1.    Trade Name of the Medicinal Product

Betahistine dihydrochloride 16mg tablets

2    QUALITATIVE AND QUANTITATIVE COMPOSITION

Each tablet contains 16mg of betahistine dihydrochloride.

One Betahistine dihydrochloride 16mg Tablet contains 140mg lactose monohydrate.

For a full list of excipients, see section 6.1.

3.    Pharmaceutical Form

Tablet.

White, circular, flat bevelled-edge uncoated tablets, impressed B16 on one face with a score line on the reverse.

Clinical Particulars

4.1. Therapeutic Indications

Betahistine tablets are indicated in the treatment of vertigo, tinnitus and hearing loss associated with Meniere's disease.

4.2 Posology and method of administration

Adults:

Initial dosage: 1 tablet, 3 times daily, preferably with food.
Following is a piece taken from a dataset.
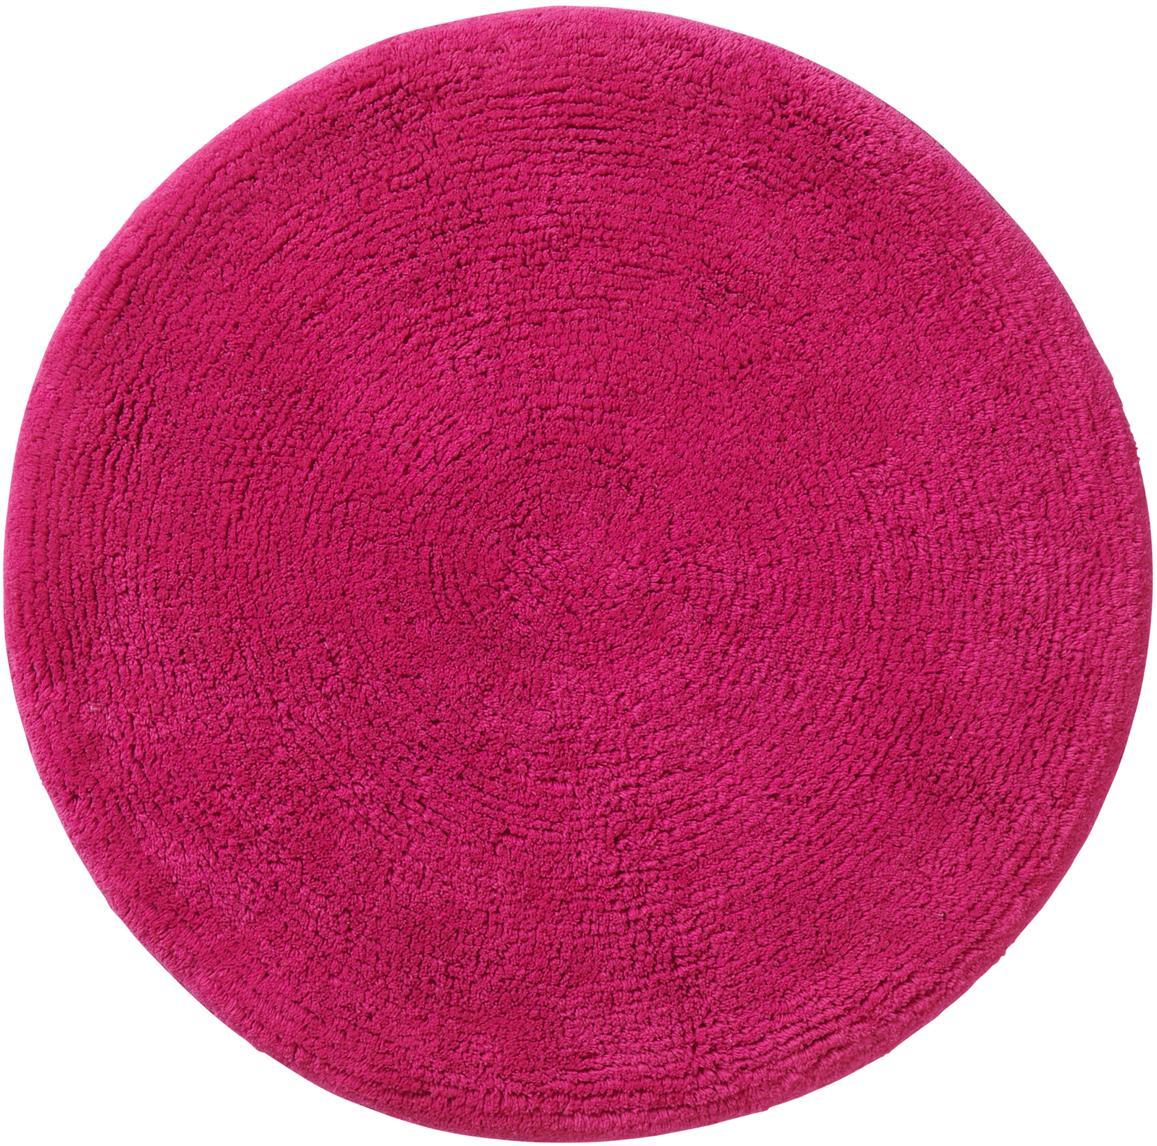 Alfombrilla de baño redonda Emma, 100%algodón, Rosa, Ø 90 cm

Maintenance dose: The dose may be adjusted according to response to a maintenance dose of between 24 and 48mg daily.

Elderly: No adjustment in dosage is necessary.

Paediatric population: Betahistine is not recommended for use in children below 18 years due to insufficient data on safety and efficacy.

For oral use.

Betahistine dihydrochloride tablets should be taken with a glass of water, preferably with food.

4.3 Contraindications

Betahistine is contraindicated in patients with phaeochromocytoma. As betahistine is a synthetic analogue of histamine it may induce the release of catecholamines from the tumour resulting in severe hypertension.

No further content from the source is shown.